### Task goal
Nothing but the text of the listing, repeated exactly, belongs in the answer; leave the images out.

### Raw data

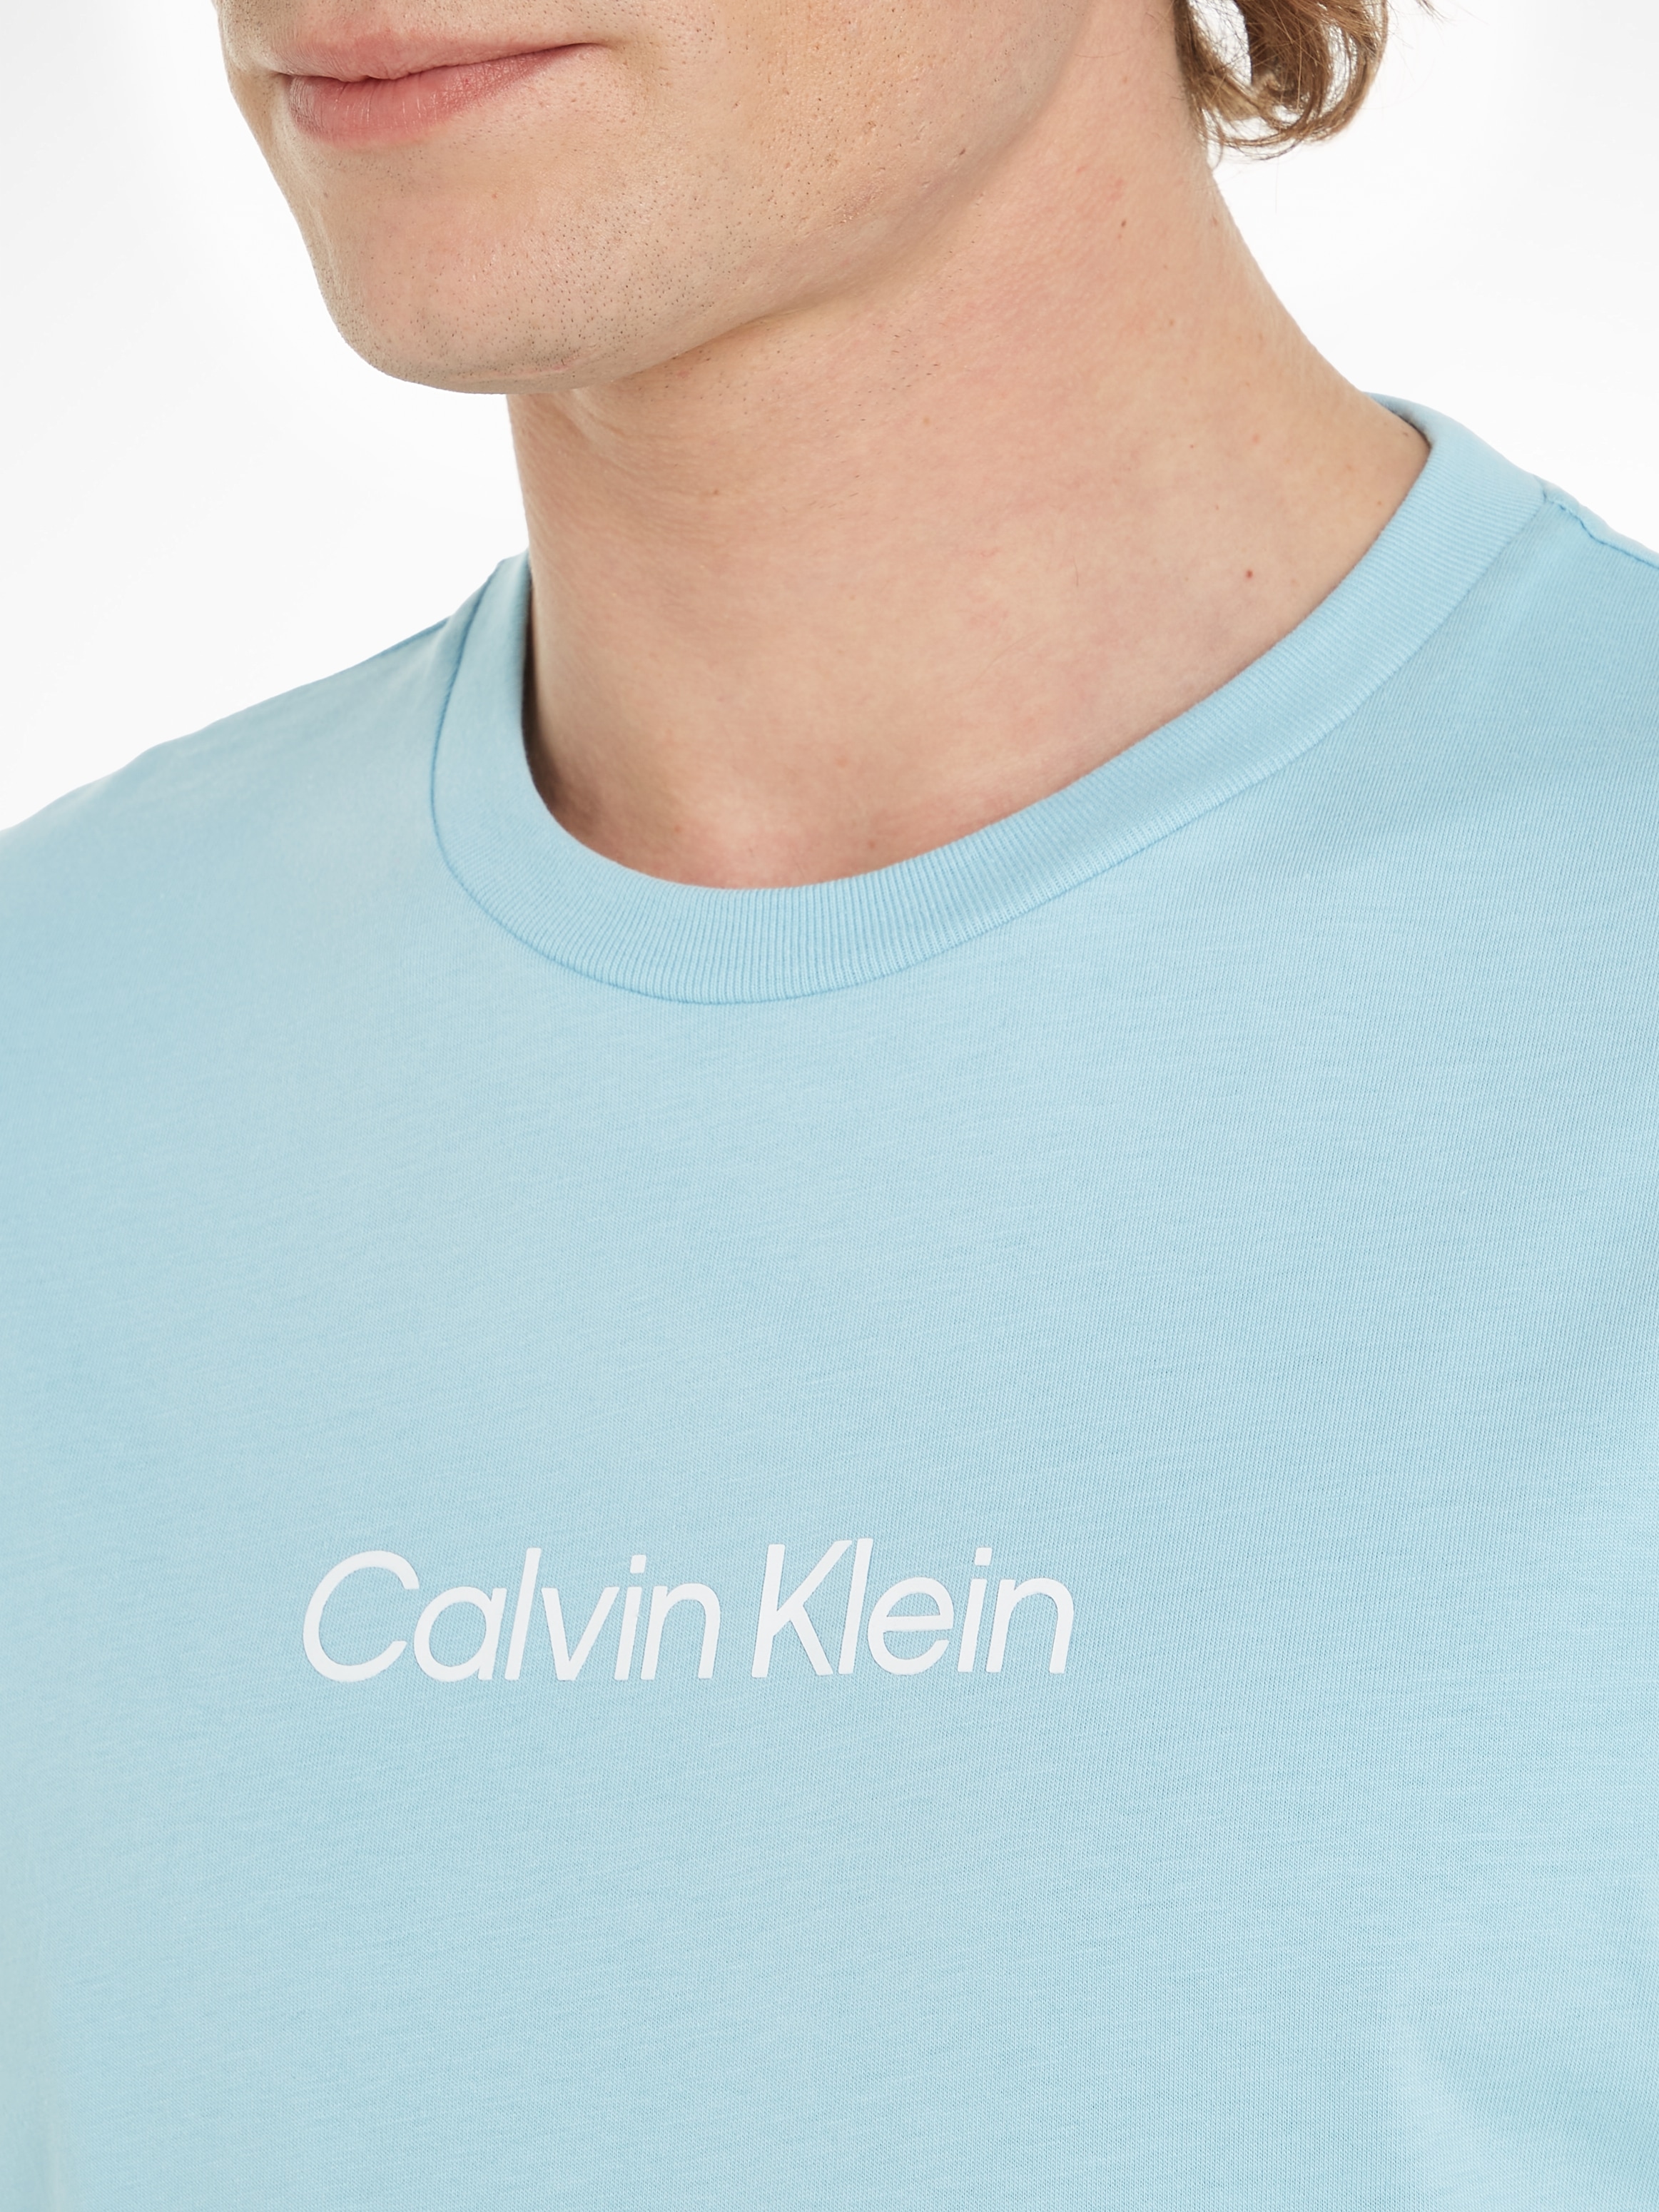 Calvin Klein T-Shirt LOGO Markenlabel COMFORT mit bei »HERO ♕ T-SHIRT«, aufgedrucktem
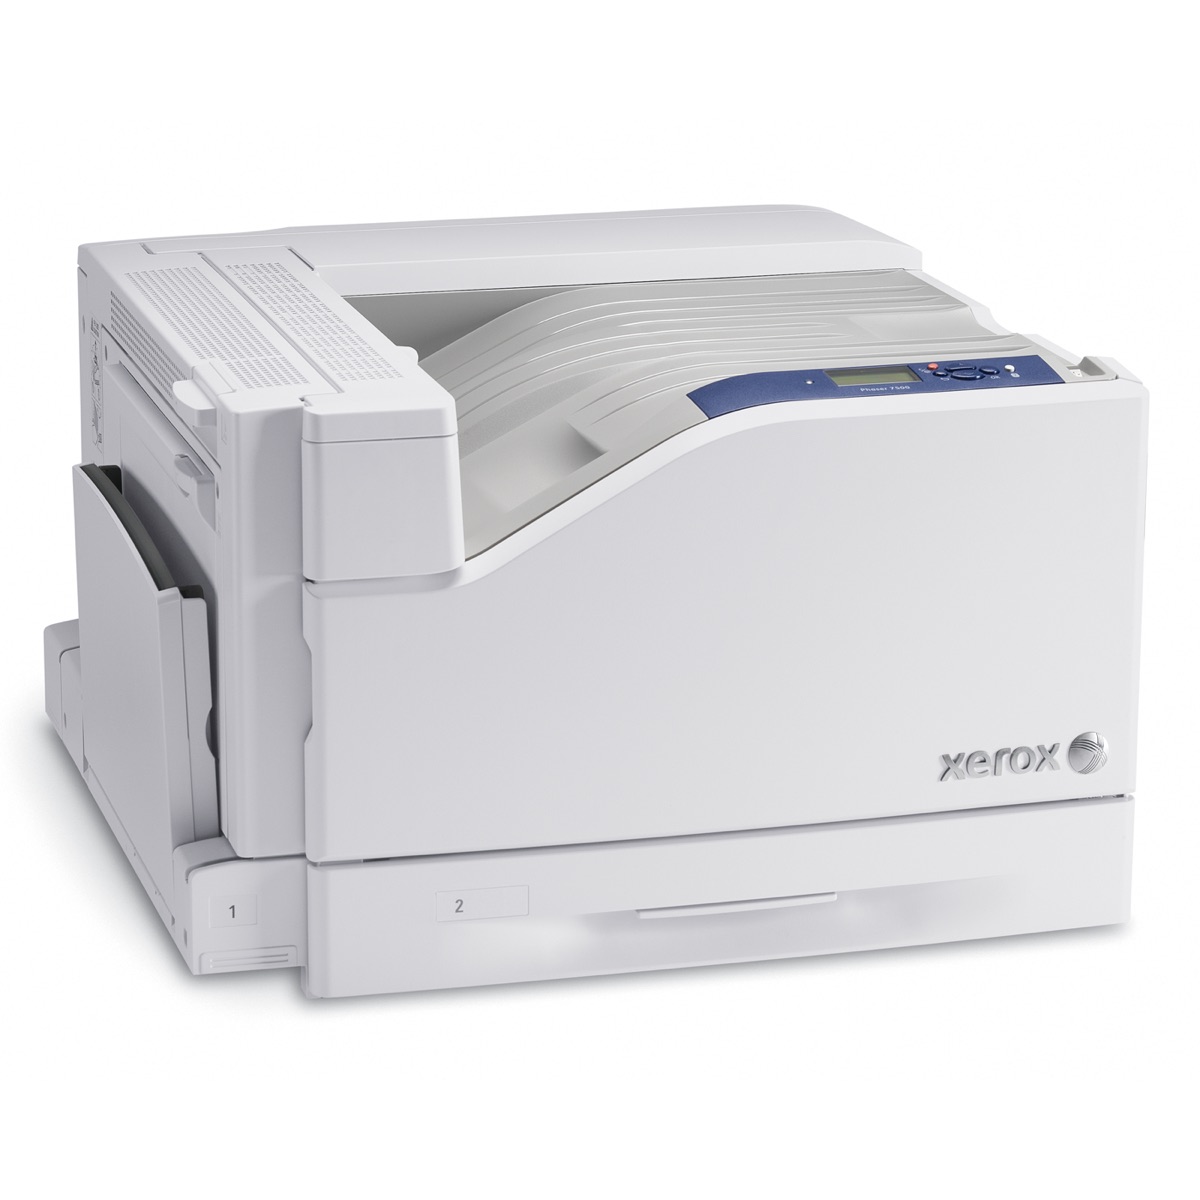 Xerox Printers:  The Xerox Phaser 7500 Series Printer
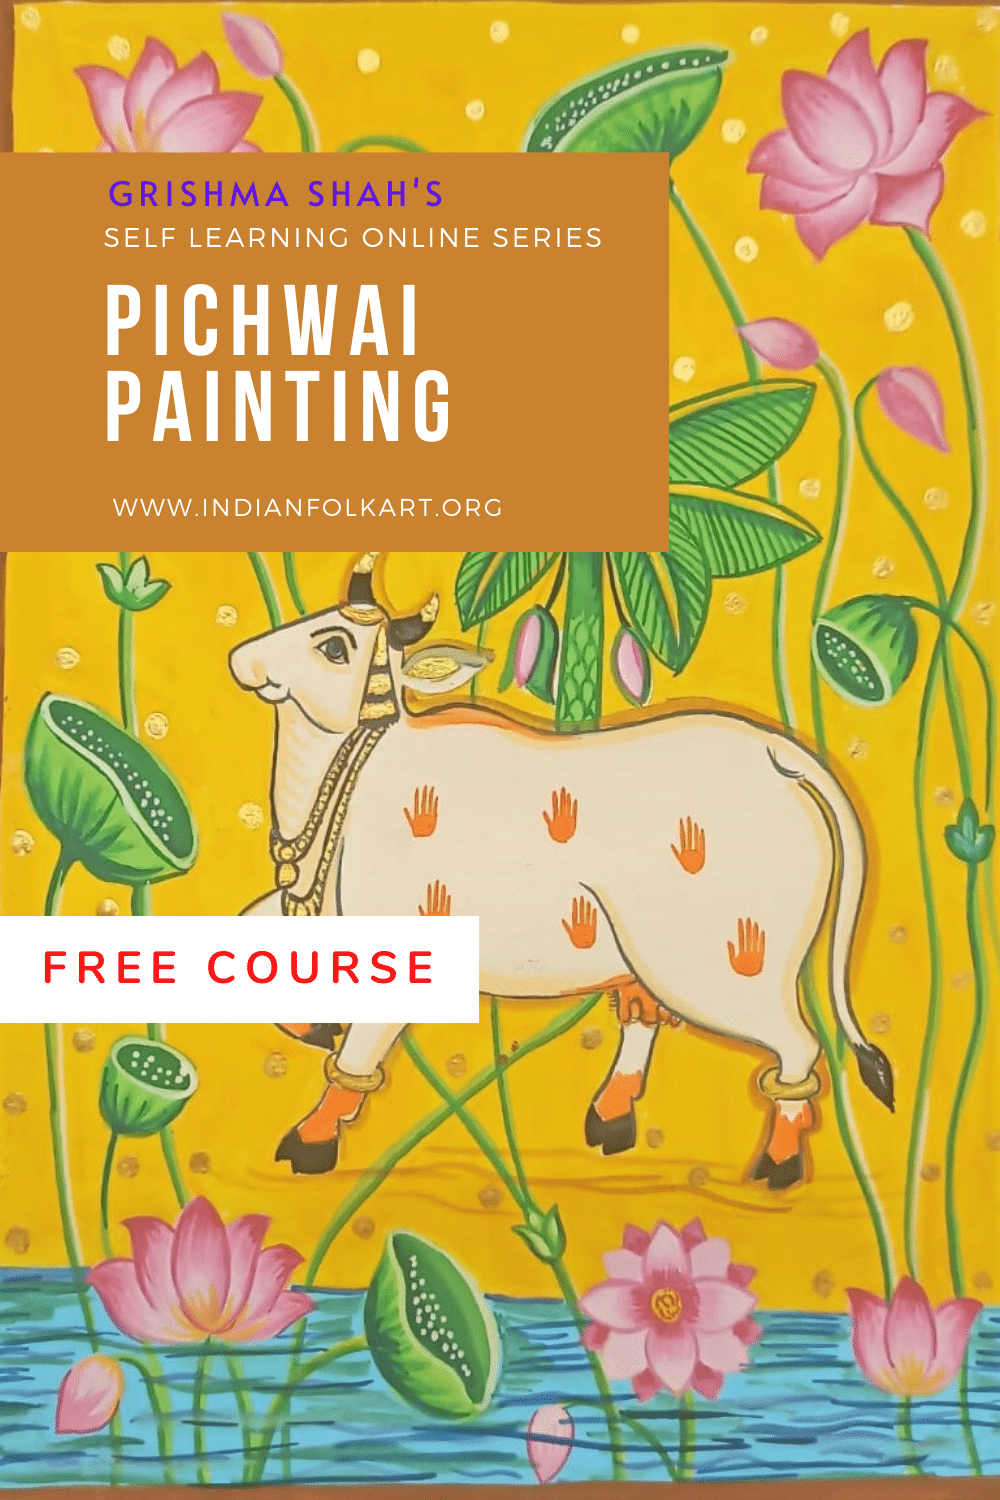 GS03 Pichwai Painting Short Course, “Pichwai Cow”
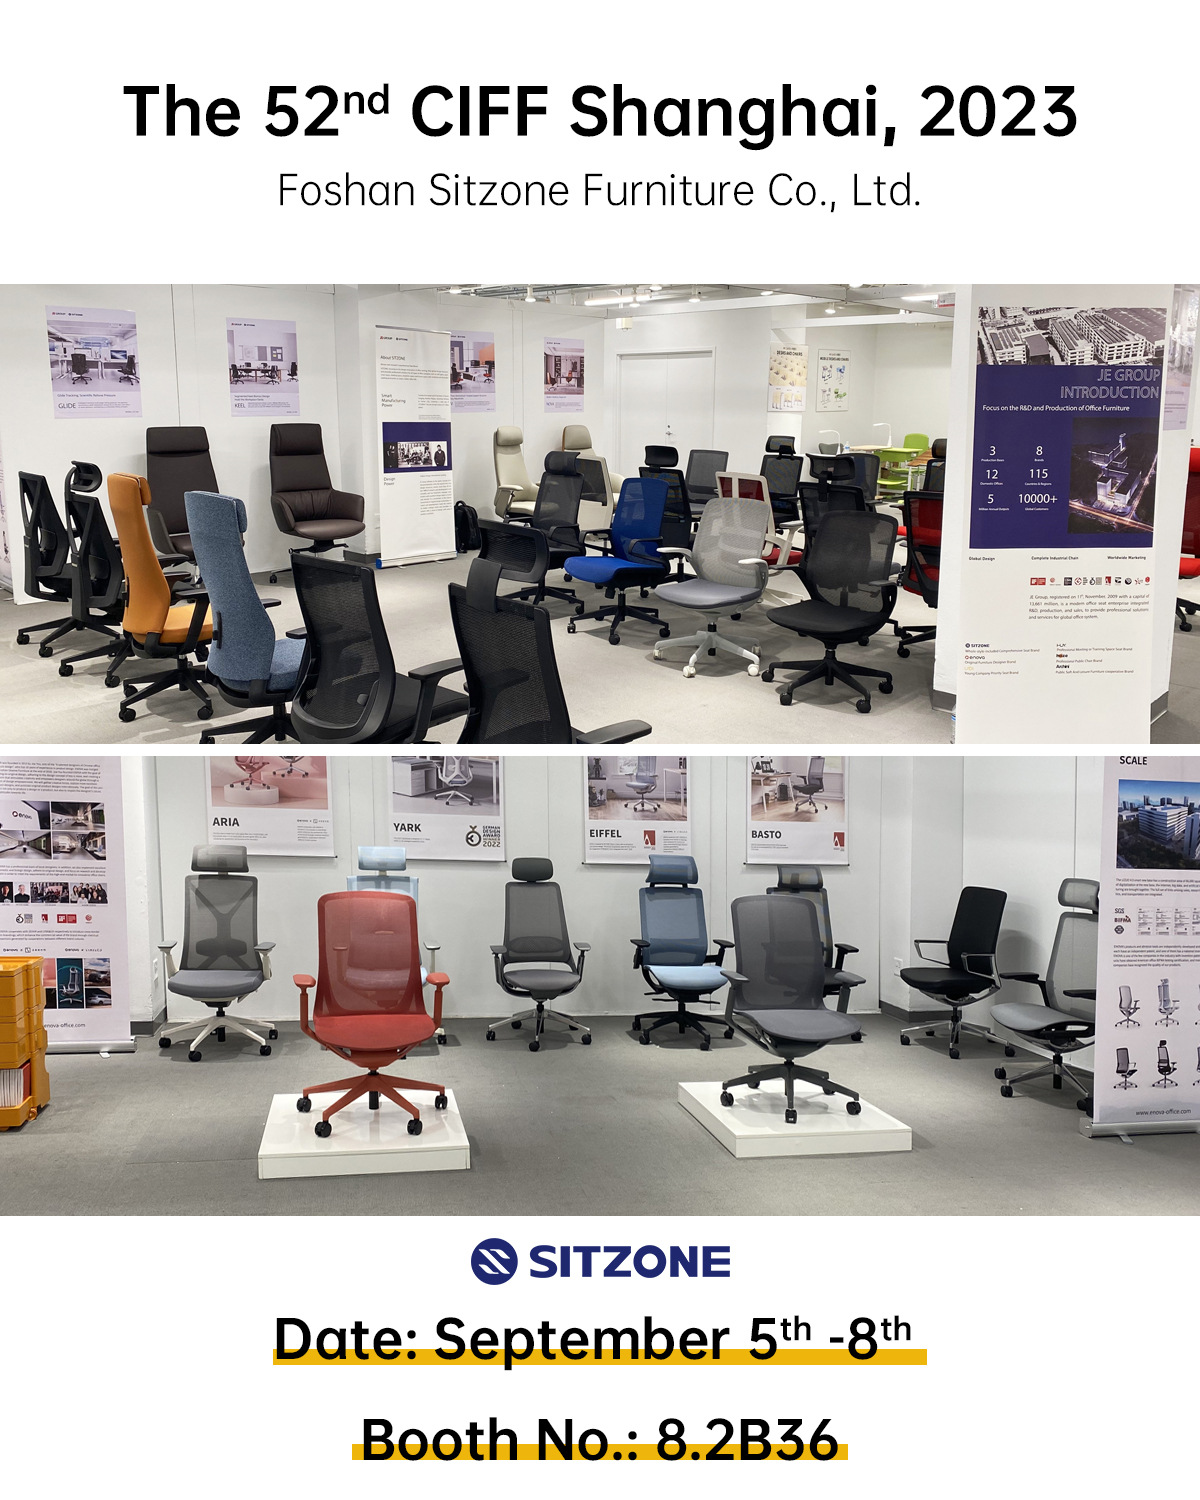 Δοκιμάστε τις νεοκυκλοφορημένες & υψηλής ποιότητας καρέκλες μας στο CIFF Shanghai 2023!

### Exercise result
 Calvin Klein T-Shirt LOGO Markenlabel COMFORT mit bei »HERO ♕ T-SHIRT«, aufgedrucktem
 Xerox Printers:  The Xerox Phaser 7500 Series Printer
 GS03 Pichwai Painting Short Course, “Pichwai Cow”
 Δοκιμάστε τις νεοκυκλοφορημένες & υψηλής ποιότητας καρέκλες μας στο CIFF Shanghai 2023!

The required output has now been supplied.